Problem: Any picture in the material should be left out, while all other lines are copied exactly.

Collected data:
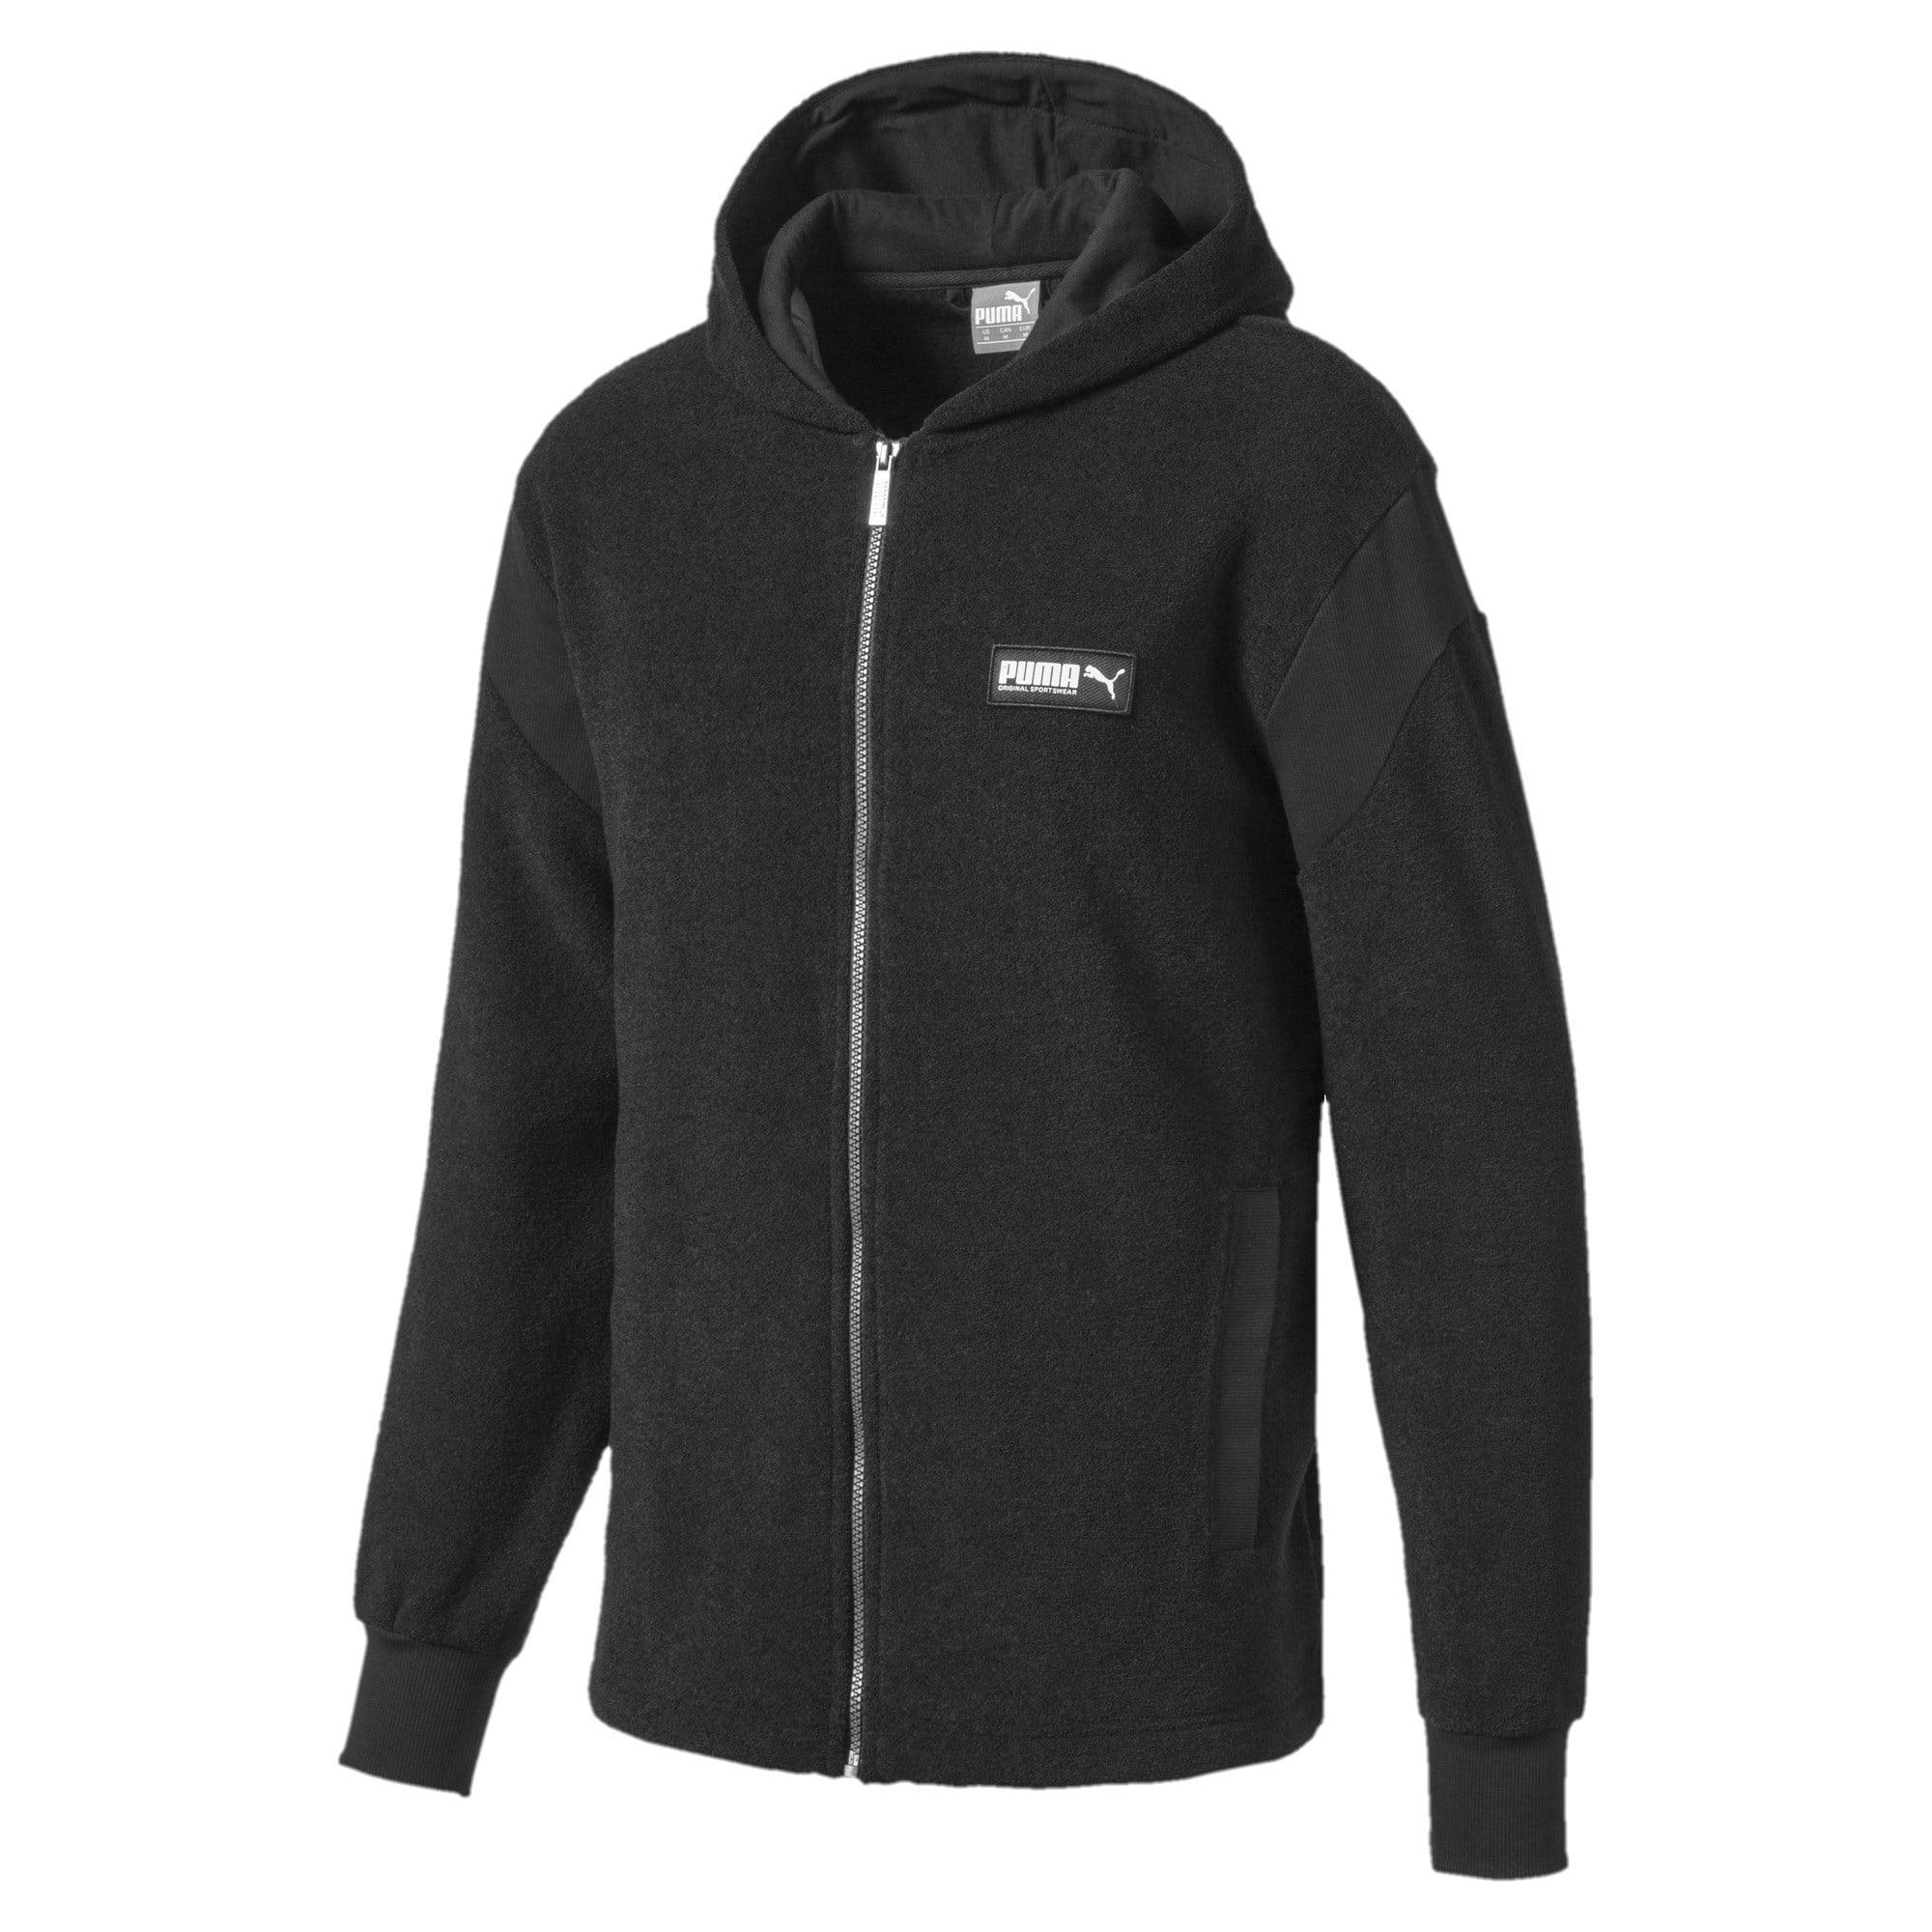 Thumbnail 4 of Fusion Fleece Hooded Men's Sweat Jacket, Puma Black, medium-IND
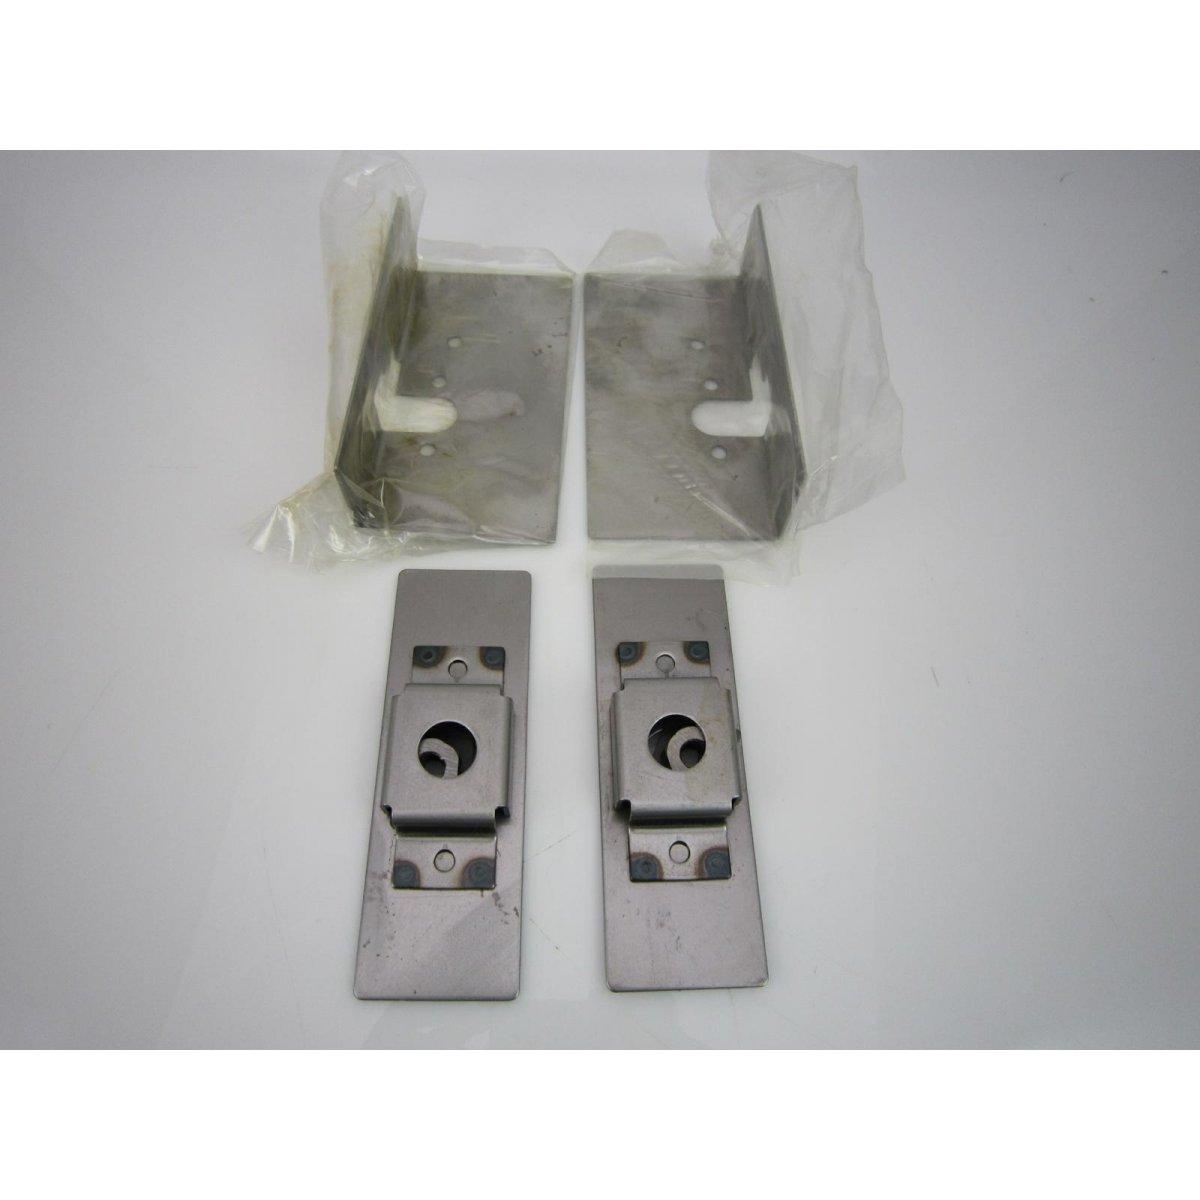 1962 saab 96 gt door jamb latch replacement kit exterior for Door jamb kit
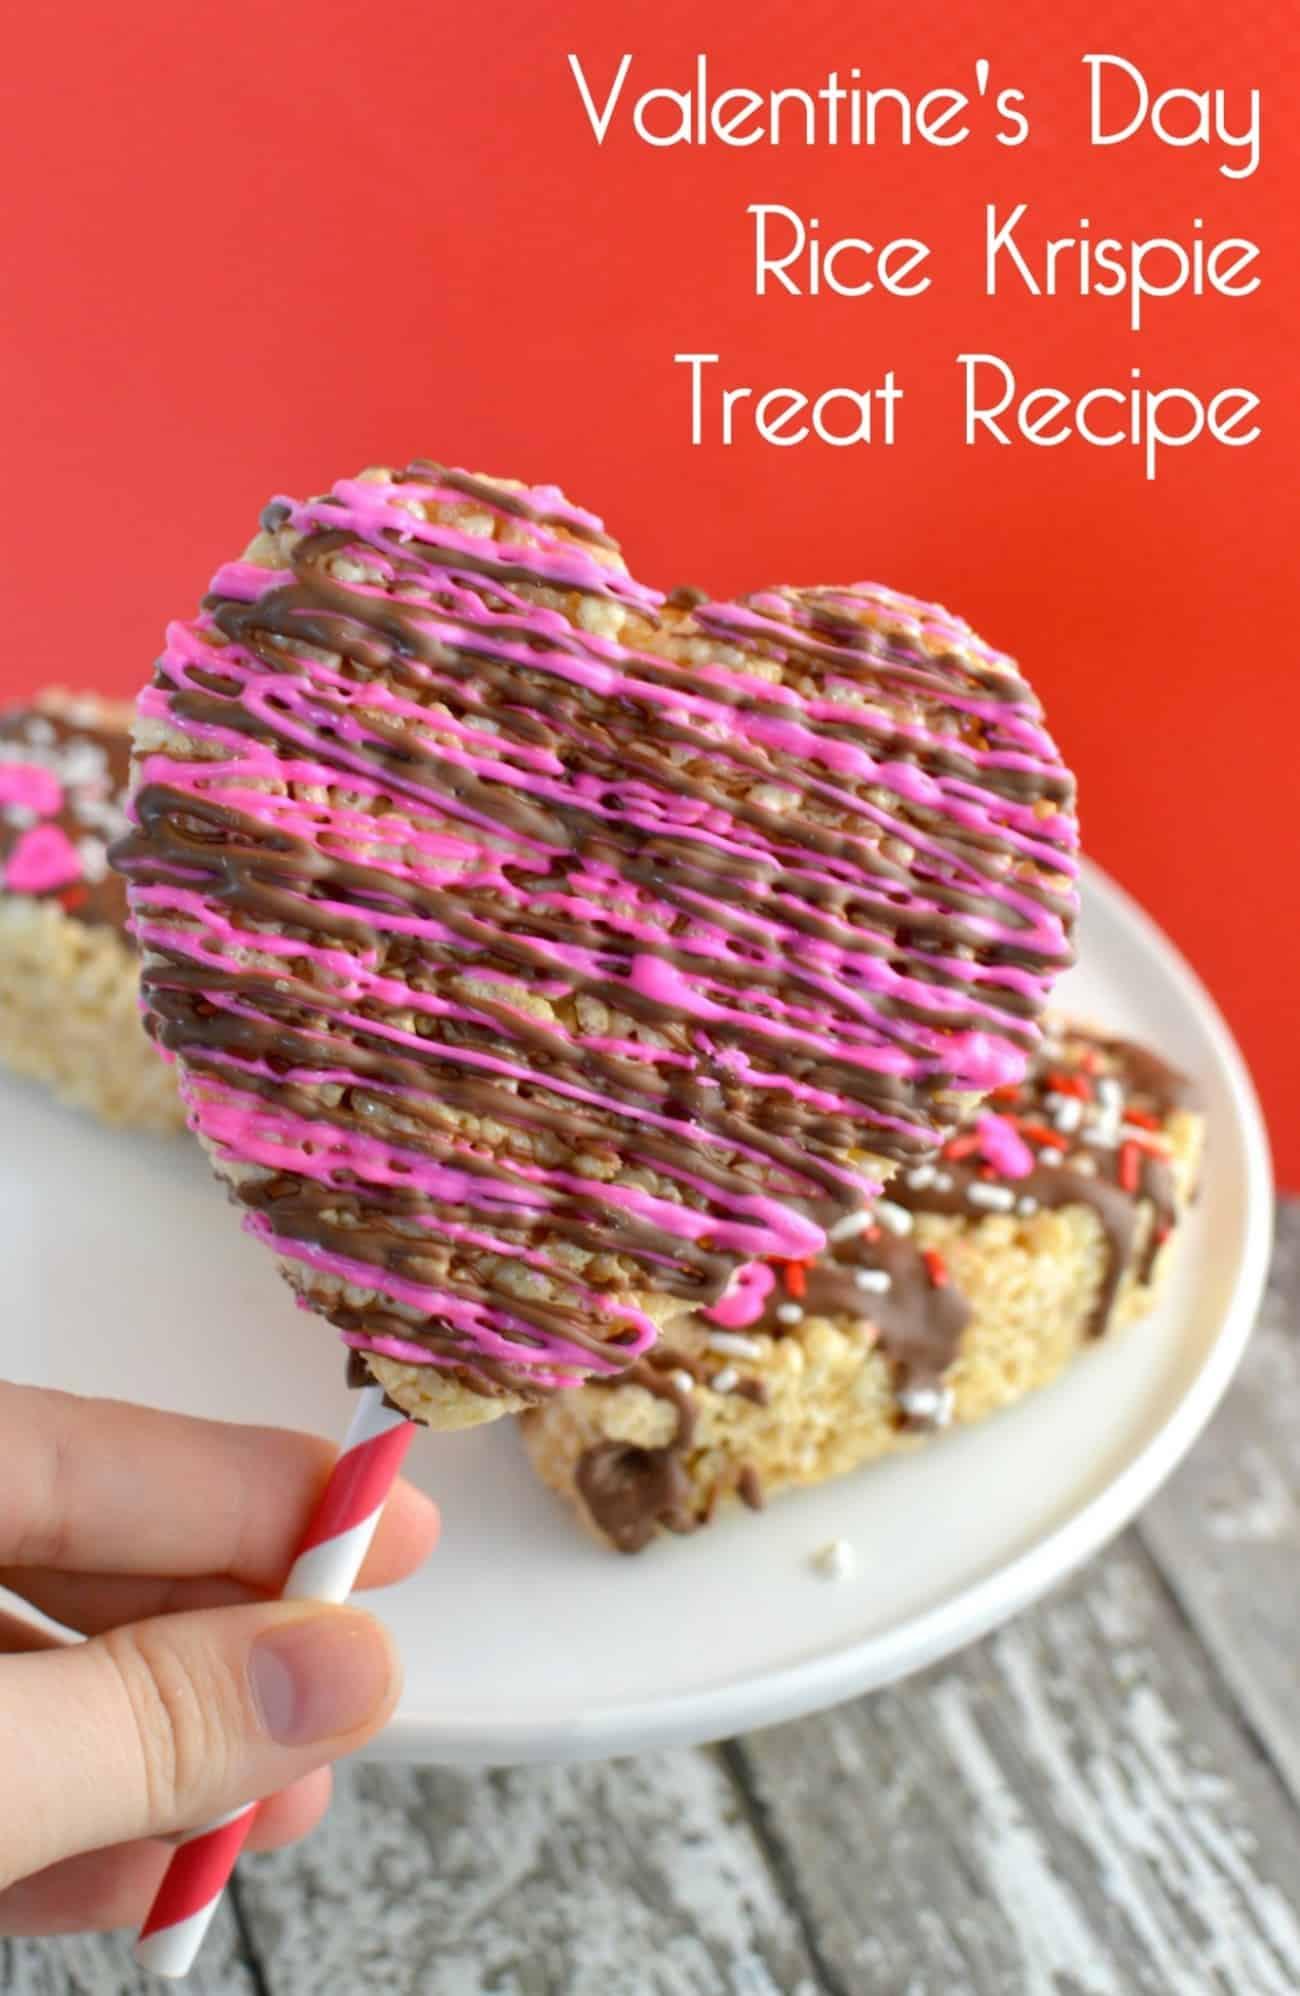 Valentine's Day Rice Krispie Treat Recipe - diycandy.com

Reply to the task:
 Thumbnail 4 of Fusion Fleece Hooded Men's Sweat Jacket, Puma Black, medium-IND
 1962 saab 96 gt door jamb latch replacement kit exterior for Door jamb kit
 Valentine's Day Rice Krispie Treat Recipe - diycandy.com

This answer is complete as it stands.